= Hall of Remembrance =

Unbuilt War Memorial in London

The Hall of Remembrance was a series of paintings and sculptures commissioned, in 1918, by the British War Memorials Committee of the British Ministry of Information in commemoration of the dead of World War I.

==History==

Travoys Arriving with Wounded at a Dressing-Station at Smol, Macedonia, September 1916 by Stanley Spencer

The artworks commissioned for the Hall of Remembrance were to be devoted to 'fighting subjects, home subjects and the war at sea and in the air' and were to be displayed in a specially built structure. The building was to be designed to accommodate a series of paintings based upon the dimensions of the large triptych, The Battle of San Romano by Paolo Uccello, one part of which is now in the National Gallery.
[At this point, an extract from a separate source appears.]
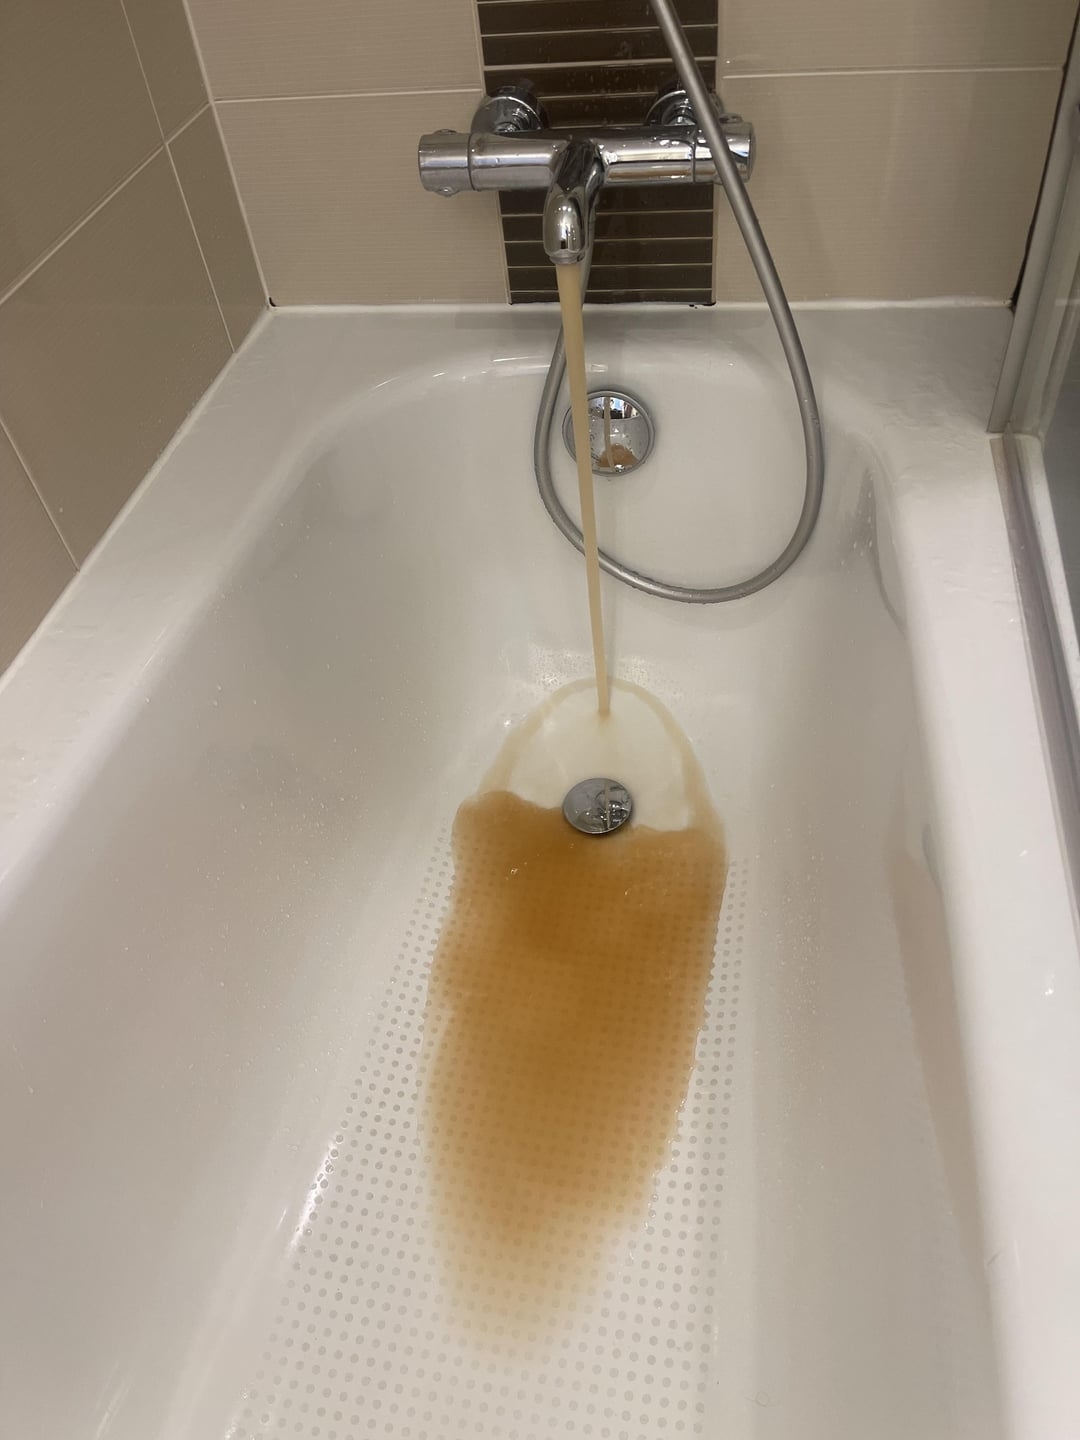 A bathtub with brownish water flowing from the tap, possibly indicating rusty pipes

The scheme was initiated by Lord Beaverbrook, the then Minister of Information and echoed the scale of a war art programme he had launched for the government of Canada. Although the architect Charles Holden completed a design for the building, the plan was abandoned and those artworks that had been completed, along with works donated by Muirhead Bone, William Orpen and Sir John Lavery were incorporated into the art collection that was part of the establishment of the Imperial War Museum.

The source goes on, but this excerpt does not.